Genes Involved in the Restriction of Replication of Avian Influenza A Viruses in Primates
The influenza viruses are enveloped viruses with a segmented genome of eight negative-sense stranded RNA segments (Murphy and Webster, 1989). Influenza viruses are classified into three types, A, B, and C, based on differences in the antigenicity of their nucleoprotein and matrix proteins.
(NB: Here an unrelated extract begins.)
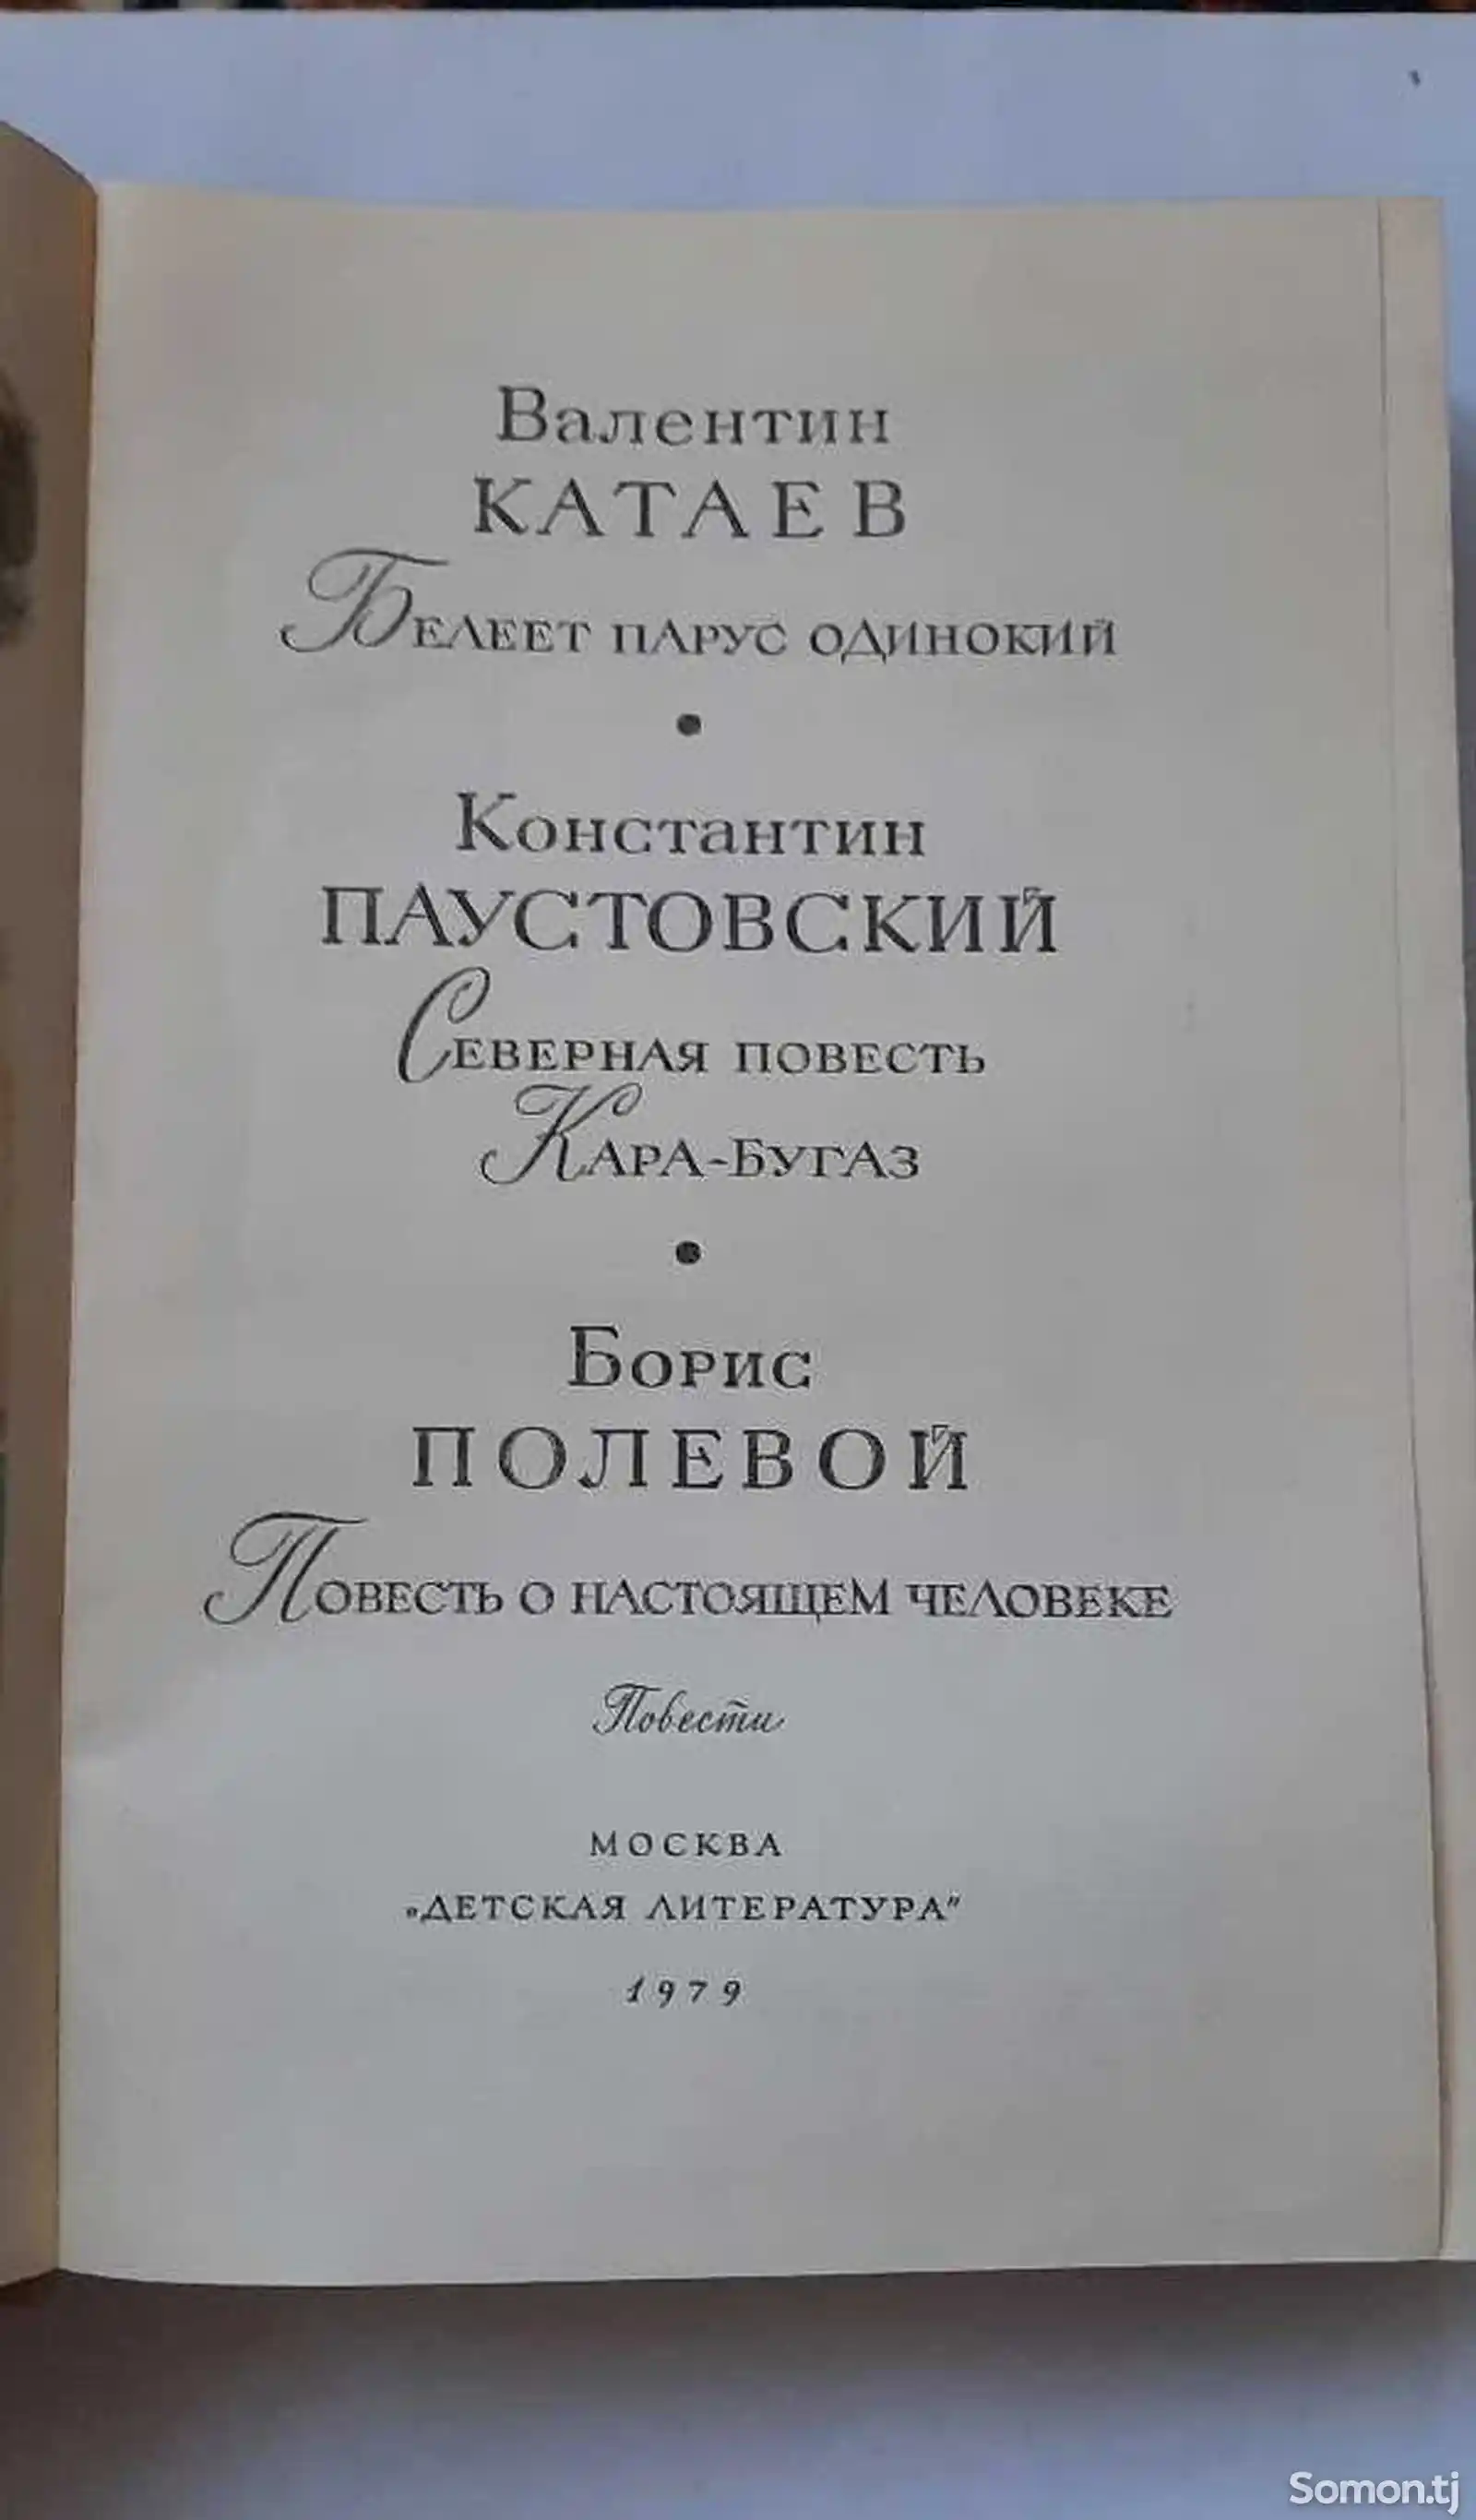 Книга В. Катаев, К. Паутовский,Б. Полевой-2
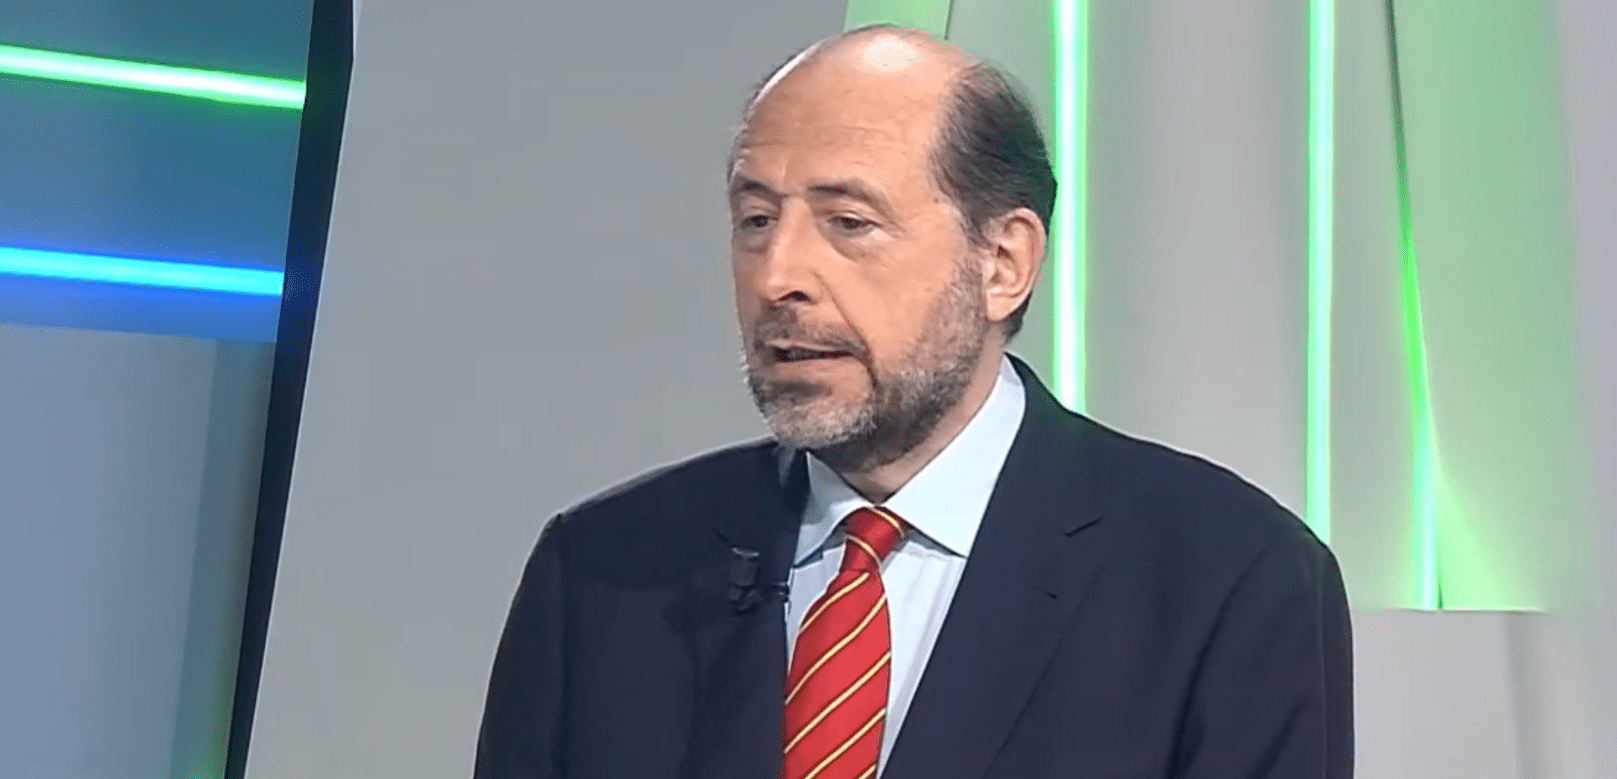  Miguel Ángel Cicuéndez: “Cuando no está abierto EE. UU. la bolsa europea va a su aire”

Influenza A viruses infect a variety of animal species, including swine, horses, marine mammals, birds, and humans. In humans, influenza A viruses cause respiratory infections with significant morbidity and mortality especially in the elderly and in individuals with chronic pulmonary or cardiac disease. The epidemiology of these infections is complex but is characterized by periodic worldwide pandemics with high attack rates. Such pandemics are associated with changes in the major protective antigens of the virus, the hemagglutinin and neuraminidase. This type of genetic change in influenza viruses is referred to as antigenic shift. The most recent pandemics of influenza A in humans occurred in 1957, when viruses of the HIN1 subtype were replaced by the H2N2 subtype, and in 1968, when the H2N2 virus was replaced by the H3N2 virus (Fig. 1). Since 1977, both the H1N1 and H3N2 subtypes of influenza A virus have cocirculated in humans.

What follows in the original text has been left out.